Migrant Death in ICE Custody Sparks Scrutiny as Autopsy Moved to Military Hospital
ICE’s handling of migrant deaths in custody has sparked criticism and fresh questions about transparency after the agency bypassed the local medical examiner for a controversial autopsy. On Jan. 14, 36-year-old Victor Manuel Diaz, a Nicaraguan detained at Camp East Montana near Fort Bliss in El Paso, Texas, was found unconscious and later declared dead by authorities. According to The Texas Tribune, ICE labeled his death a “presumed suicide.”
The choice of where Diaz’s body was sent has raised alarms. Instead of using the El Paso County Medical Examiner, which has conducted autopsies for previous deaths at the facility, ICE transferred Diaz to the William Beaumont Army Medical Center for examination, where autopsy results are not made public.

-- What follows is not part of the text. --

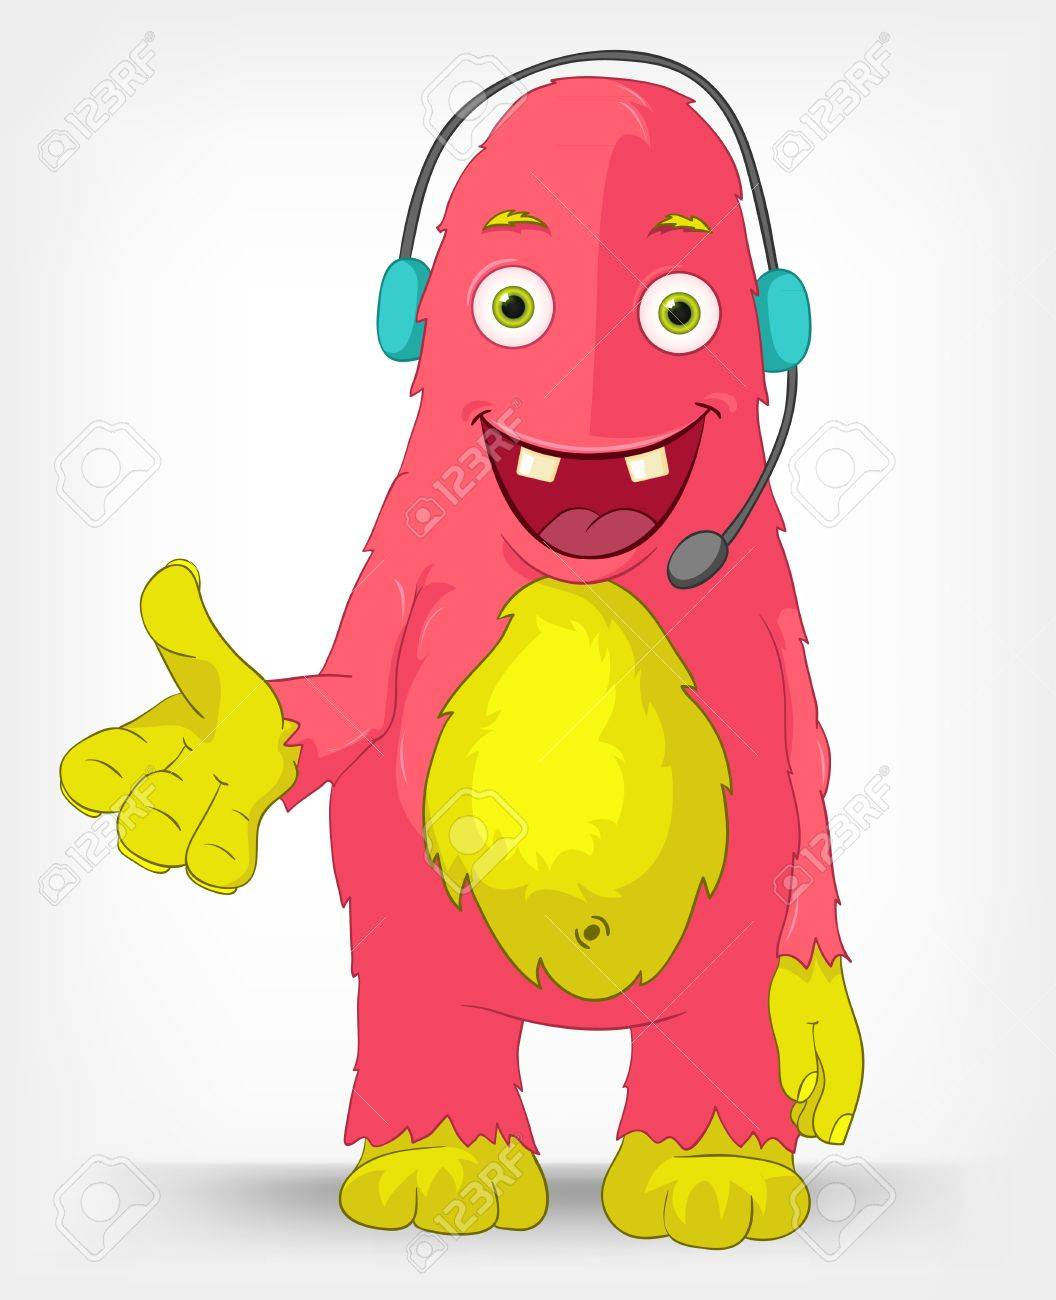 Funny Monster  Communication Stock Vector - 14575708

This shift followed a January ruling by the El Paso examiner that a separate detainee, Geraldo Lunas Campos, who died Jan. 3, had in fact died by asphyxia due to neck and torso compression — a finding classified as a homicide. That conclusion contradicted ICE’s own earlier descriptions of Campos’s death as medical distress or suicide.
Diaz’s family, represented by attorney Randall Kallinen, said public outcry over the homicide determination may have influenced ICE’s decision to change course. “Why did they go against their previous practice?” he asked.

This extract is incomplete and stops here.